Некоторые из произведений имеют такое же большое значение, как «Макс Хавелар». Я перечитал этот шедевр Мультатули, потому что искал в нем упоминание о каком-нибудь вороне.
Мне наплевать, как ко мне относятся работники «Busselinck & Waterman».
Я жду того дня, когда тот самый неприятный сотрудник положит на стол своего начальника мою только что опубликованную книгу.
— Что это? — спросит тот.
— Дебютный роман того иранца! Что в доме 37 на канале Лаурирграхт.
Мой отец никогда не плакал. Когда ему было грустно, он шел в храм безымянного святого. Там он преклонял колени, тихонько стукал камешком по надгробию, говорил со святым и, почувствовав себя лучше, отправлялся домой.
В Амстердаме нет могилы такого святого, поэтому вместо этого я прихожу к дому 263 на канале Принсенграхт, к музею Анны Франк. Я представляю, как смотрю из чердачного окна на каштан, на дерево, о котором Анна Франк в своем дневнике написала:
Наше каштановое дерево все в цвету, снизу доверху, на нем полно листьев, и оно гораздо красивее, чем в прошлом году.
Когда мне грустно, я присаживаюсь неподалеку от этого дома, под старым деревом.
В кроне этого дерева много лет назад птицы свили гнездо, в котором сейчас живет старый ворон. Вороны могут жить до ста лет. По-моему, я единственный, кто знает о его существовании. А он знает меня, и где я работаю. Когда темнеет, он выбирается из гнезда, прыгает на ветку и смотрит, закрылся ли я. Тогда он перелетает канал и приземляется рядом с магазином. Он клюет кусочки старого хлеба, которые я там оставляю, и пьет из мисочки, специально предназначенной для него.
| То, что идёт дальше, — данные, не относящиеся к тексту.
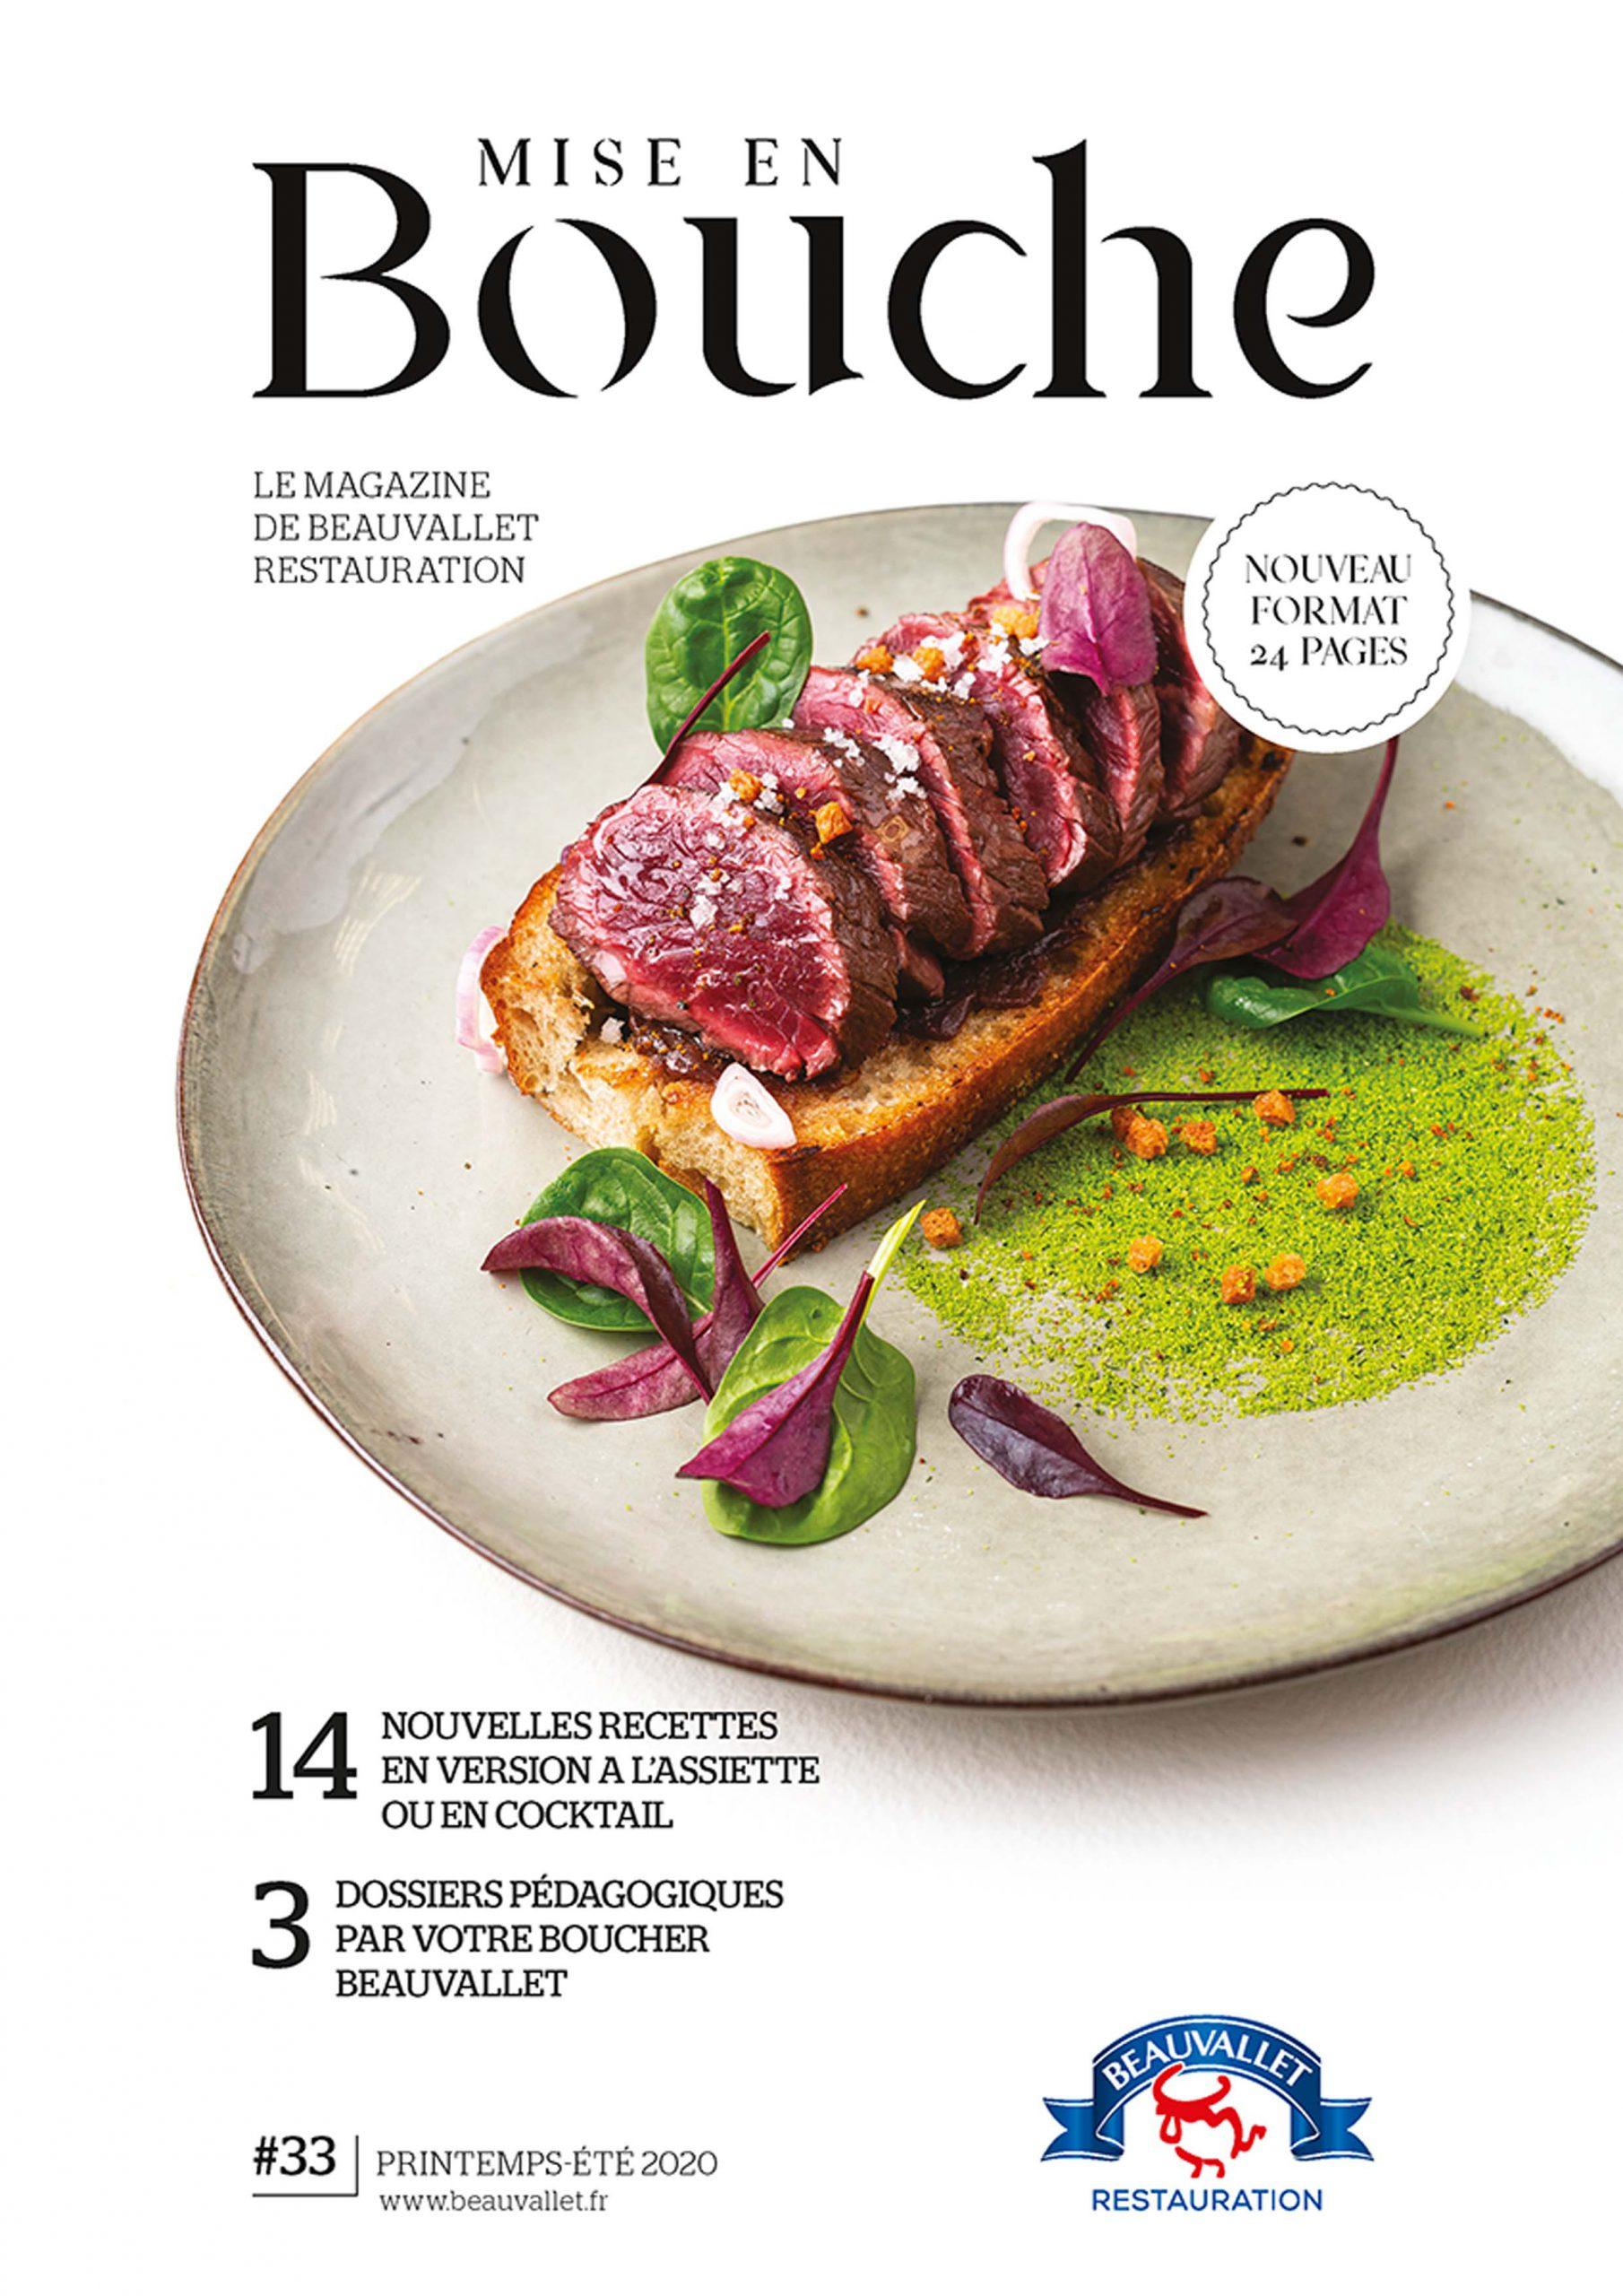 New Beauvallet's magazine : Mise en Bouche 2020

Наевшись и напившись, он улетает назад на дерево.
Этот ворон — свидетель, он видел, что произошло за прошедший век в Амстердаме: немецкая оккупация, преследование евреев и появление турок и марокканцев, приехавших в страну в качестве гастарбайтеров.
Анна Франк вдохновляет меня. В невыносимо тяжелое время она решила стать писательницей. Ей не суждено было увидеть, каким успехом пользовалась ее книга, но ее воображение победило насилие.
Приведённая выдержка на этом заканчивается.